The federal law does make it illegal to manufacture or sell any toy or lookalike firearm unless the device has affixed to it “a marking approved by the Secretary of Commerce.”

‘Police use their best judgment’

Joe Eaton, treasurer with the Buckeye Firearms Association, said orange-tipping is widespread, but so are replica and training weapons law enforcement and military personnel use. No law will “make a difference either way” when it comes to dealing with the variety of devices out there, he said.

He believes the key to preventing a fatal outcome is obeying police orders when encounters happen, no matter what kind of device one is carrying.

“The problem is the police use their best judgment in this,” Eaton said. “They tried to evidently talk this guy into putting down whatever it was that he had. For whatever reason, he chose to not to comply with the directives police were giving to him.”

“Police officers are going to err on the side of their safety and the safety of the public in any of these situations,” he added.

Part of the challenge is the difficulty some people have when dealing with police.

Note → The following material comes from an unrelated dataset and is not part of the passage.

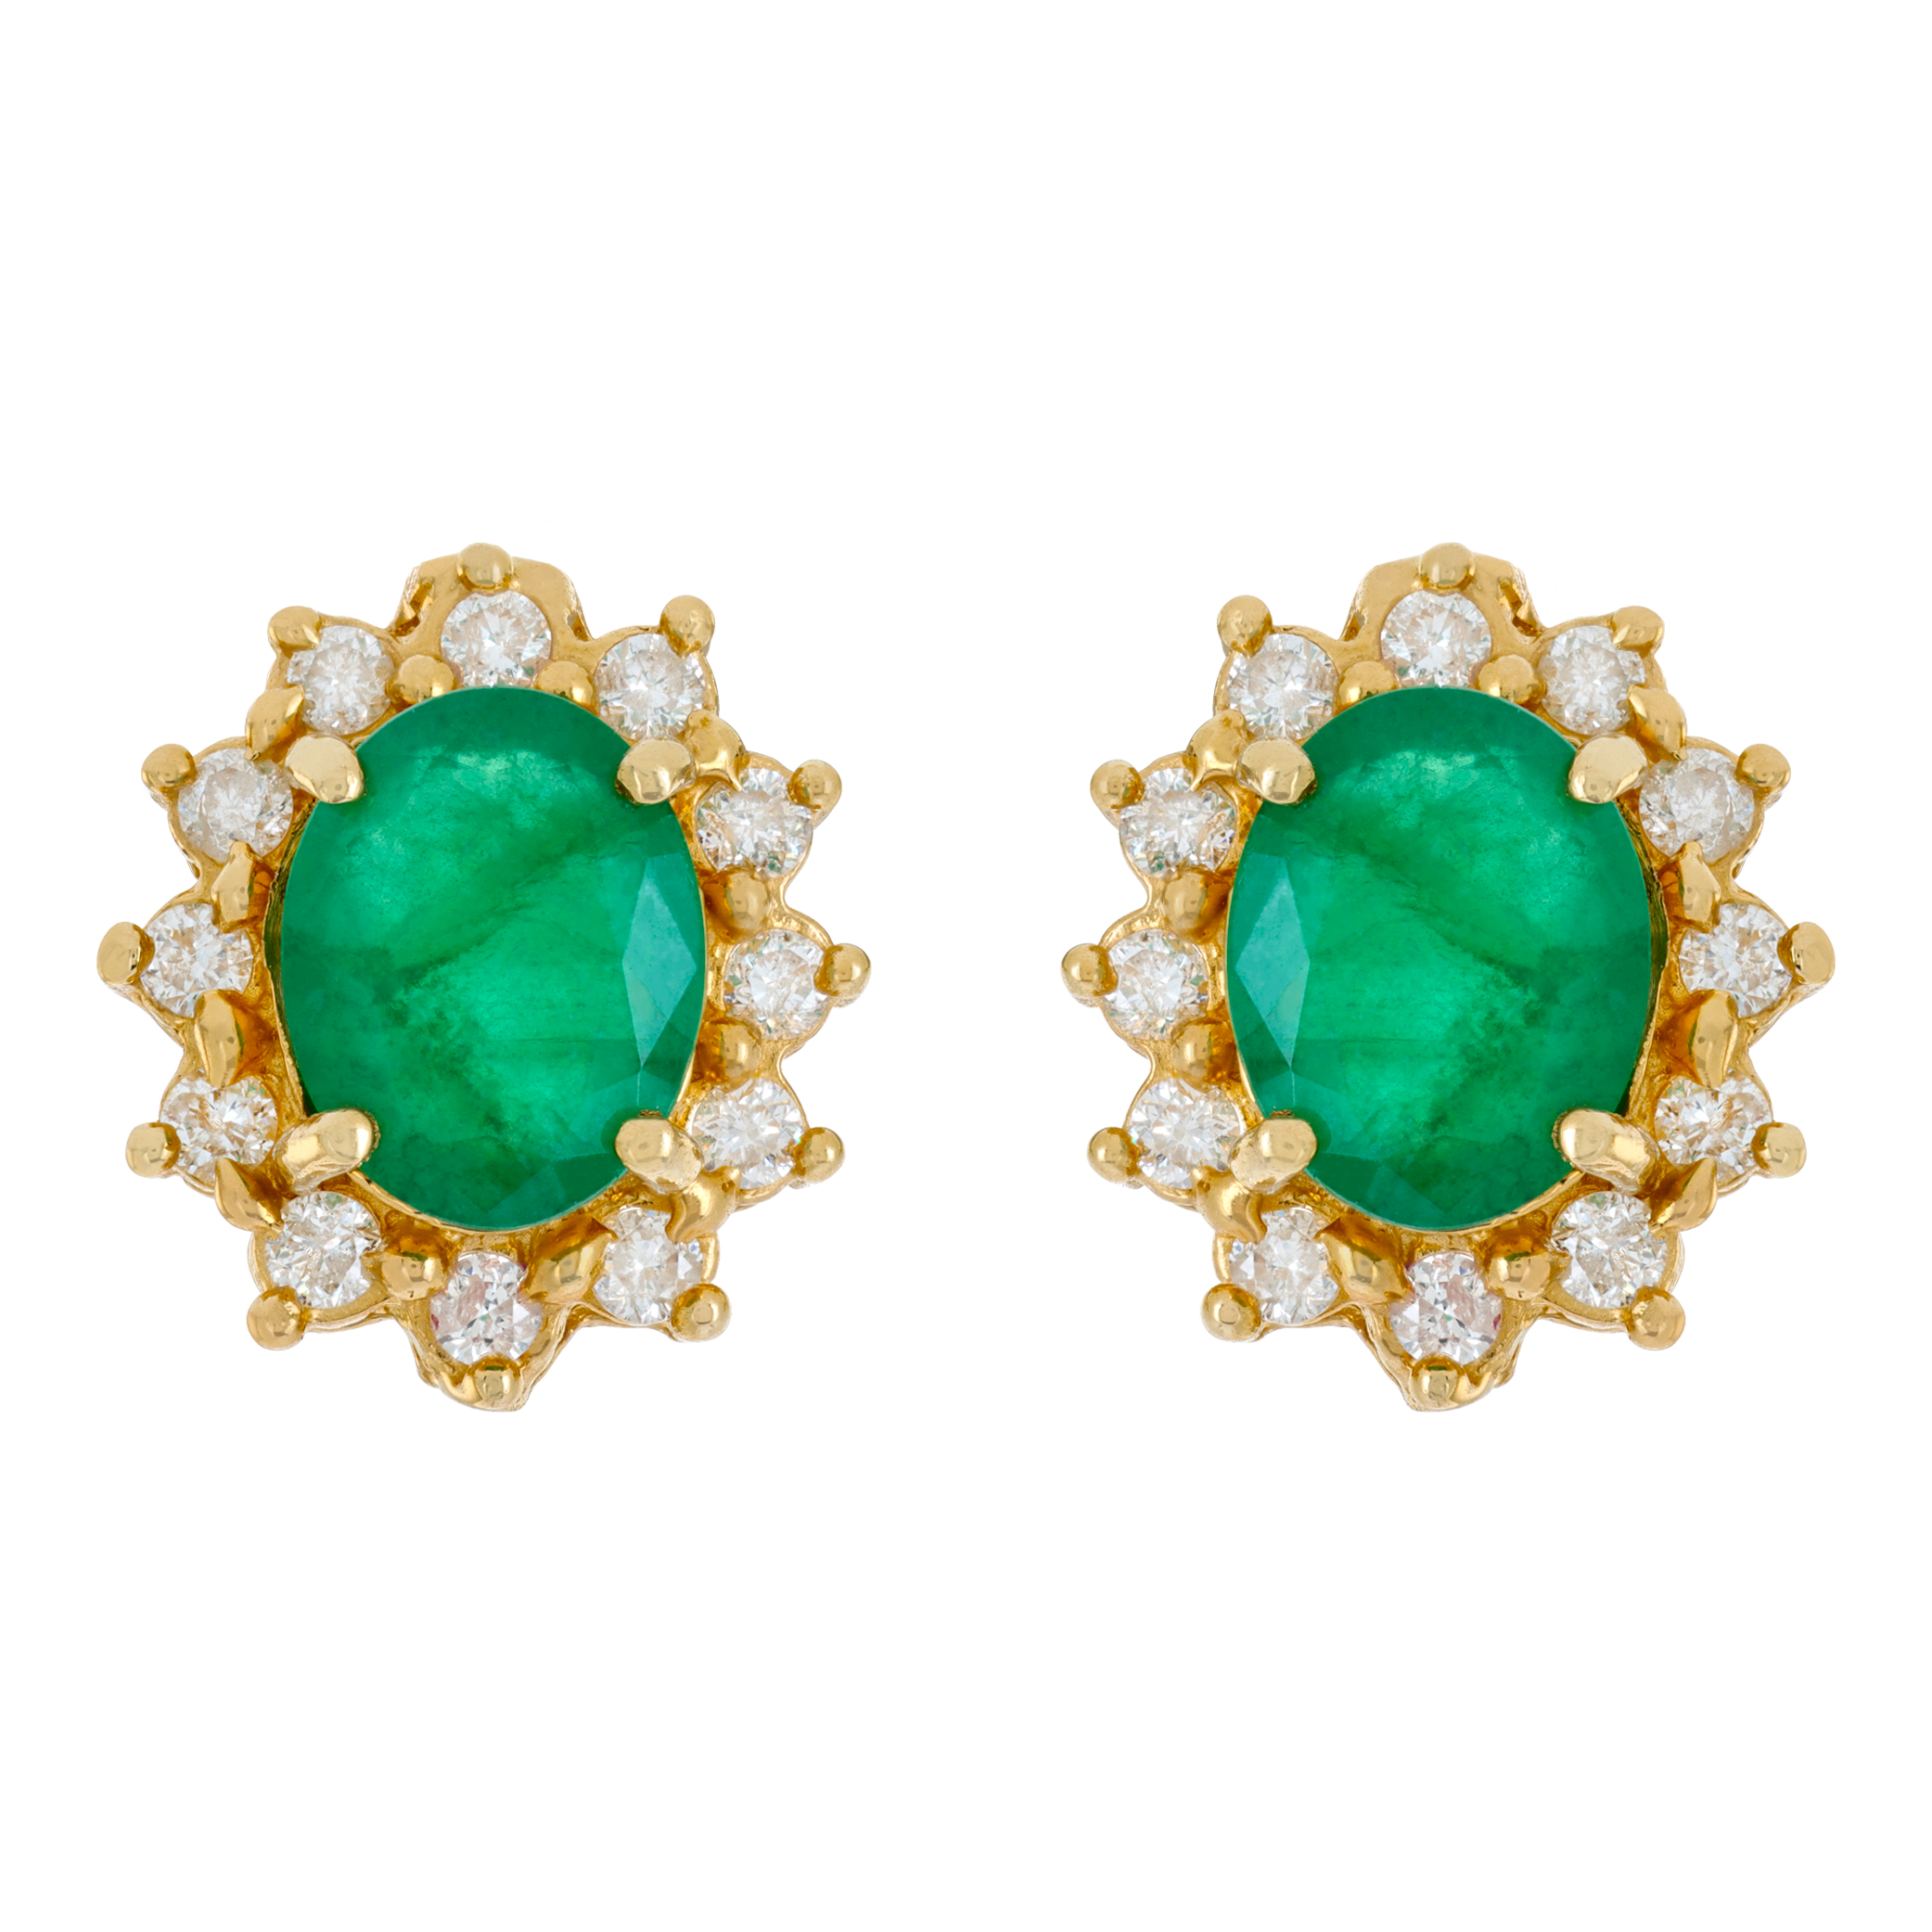 Emerald and diamond earrings in 14k yellow gold (Stones)

“The general public are ill-informed about how to respond to officers in terms of demeanor,” said Jimmy Taylor, an Ohio University-Zanesville sociology professor who studies American gun culture. “More important, they aren’t informed about how to interact with an officer if armed with imitation or real guns, in order to defuse a situation before an altercation develops.”

Trained for ‘perceived threat’

The attorney general’s office said there are no specific guidelines outlining how police should engage people with fake guns.

“We don’t have any training specifically on what’s real versus what’s not real,” said Jill Del Greco, a spokeswoman for DeWine. She noted officers can go through simulated training scenarios where they learn afterwards that a gun was fake.

“They’re trained to respond to the perceived threat,” Del Greco said.

Professor Taylor added that, “No amount of training will ensure that officers will always be able to tell the difference.” But “it is clear that some manufacturers are still making it unreasonably difficult to detect from a distance, in a split-second, in poor lighting, and-or any combination of these.”

Kioumehr sees the problem as more than a public health issue, but a “social epidemic disease.”

“Violence is just like any other thing (disease) — it’s contagious,” she said.

The “vaccine” for the disease is education and awareness, especially for children and young people, she said.

She said she doesn’t even like the term “toy gun.” Guns and toys are diametrically opposed, she argued.

The Centers for Disease Control and Prevention reports that 32,351 people are annually killed in the United States either by gun violence or mishaps.

“Guns are for killing and shooting and destroying,” Kioumehr said. “Toys are for playing.”